Expecting to deal with another turbulent year, major nickel miner PT Vale Indonesia is seeking to push for cost-efficiency measures and increase its production target slightly this year
xpecting to deal with another turbulent year, major nickel miner PT Vale Indonesia is seeking to push for cost-efficiency measures and increase its production target slightly this year.
The company, listed on the bourse as INCO, believes the business outlook for this year will remain challenging as nickel prices continue to be volatile, which it attributes mainly to the government’s restriction of ore exports and external economic conditions.
The price of fuel, including coal, a key component in Vale’s production, will also be unpredictable, adding to the pressure on its business throughout the year.
“Energy costs represented about 30 percent of our cash costs,” Vale finance director Febriany Eddy said after its annual general shareholders meeting on Wednesday.
Despite a 10 percent increase in average nickel prices in the past year, Vale posted a net loss of US$15.27 million as the costs of oil and coal jumped by 36 percent and 39 percent, respectively, on a unit cost basis. The figure compares to its net profit of $1.91 million in 2016.
Despite the significant energy costs, Vale was optimistic that its business would still have good prospects in 2018 as nickel prices already improved as of the first quarter of this year, reaching $13,000 per ton on average.
“We hope that the surge in nickel prices can offset coal and oil prices,” Febriany said.
The company, a subsidiary of Brazil’s mining giant Vale SA, expects to produce 77,500 tons of nickel in matte this year, up slightly from 76,807 tons last year.
In order to save costs, it plans to use coal instead of oil in its reduction kilns at its production facility in Sorowako, South Sulawesi.
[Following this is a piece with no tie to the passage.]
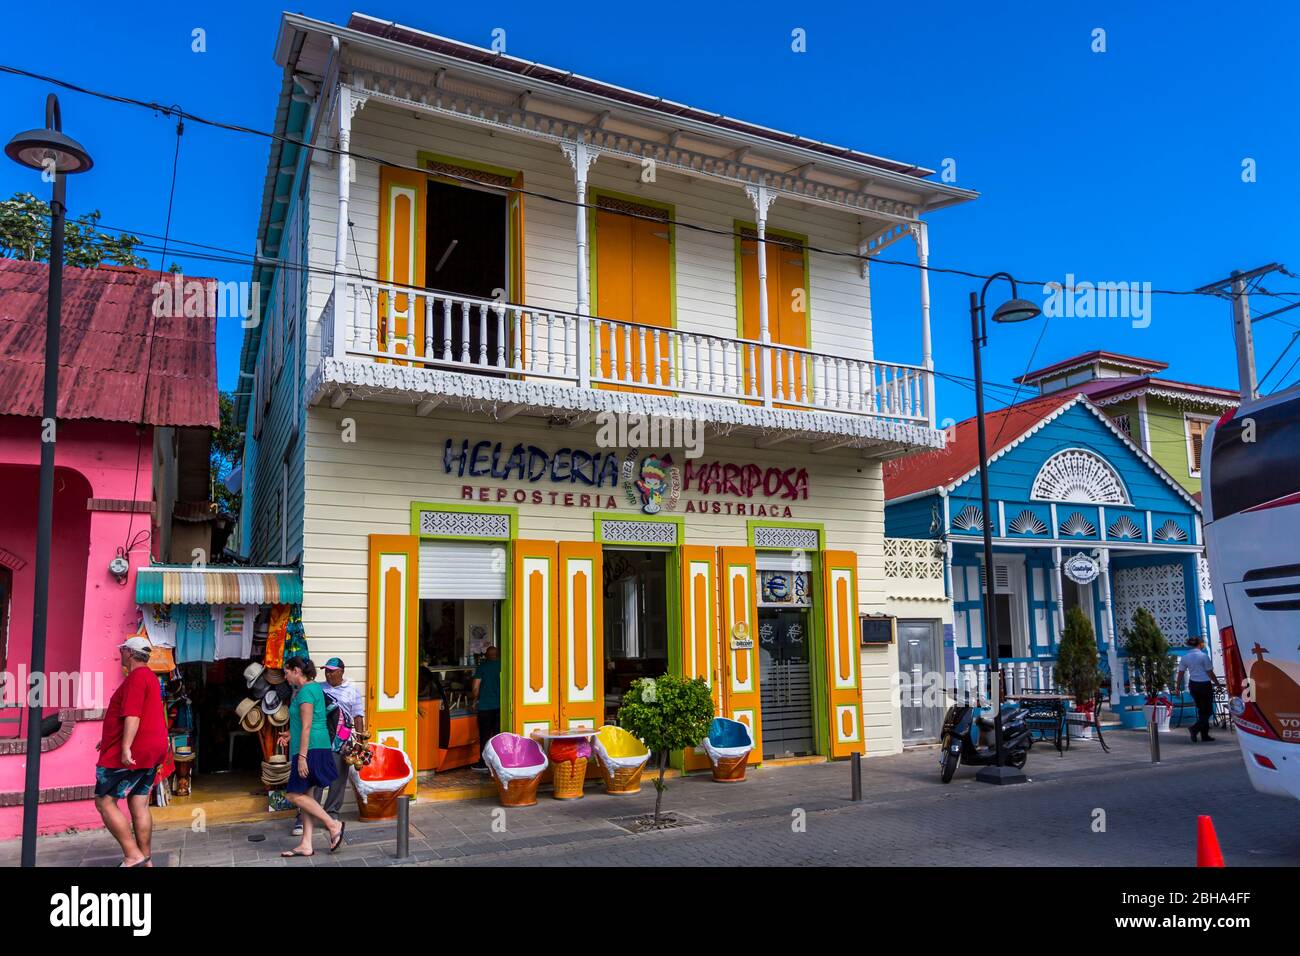 Eiscafé, Heladería Mariposa, Viktorianische Häuser, Zentrum, Puerto Plata, Dominikanische Republik, Große Antillen, Karibik, Atlantik, Mittelamerika Stock Photo

“Of our five kilns, only one uses coal. This month, we will install another [coal-fired] one,” she said.
Febriany said that this strategy had borne fruit as Vale was able to save $23 million last year by shifting from oil to coal.
Despite an expected continuous increase in nickel prices and its cost-efficiency measures, the government policies were likely to hamper the company’s business, said Vale’s president director Nico Kanter.
“The government’s policy will always be a challenge for us […] as we can see this year, permits for how many exports have been granted by the government? For more than 30 million tons [of nickel ore],” he said.
In 2017, the government relaxed the mineral export ban for, among other commodities, low-grade nickel ore with less than 1.7 percent nickel content, in exchange for miners’ commitment to developing new smelters.
According to Vale, this policy could increase supply in overseas markets, such as China, and push down nickel prices. It also reduces the incentives for investors to build smelters in Indonesia because the ore supply in the global market will be abundant.
Vale has allocated a capital expenditure (capex) of $95 million for this year, much higher than $68 million it spent in the past year. It will rely on its internal cash to meet this year’s capex.
Most of it will be used for business development, while the remaining $18 million will be targeted at periodic maintenance of production plant.
During its annual general shareholders’ meeting, Vale’s shareholders accepted the appointment of Eduardo Bartolomeo as its president commissioner. The composition of its board of directors remained the same.
Considering the company’s bleak financial performance last year, it decided not to pay out dividends this year.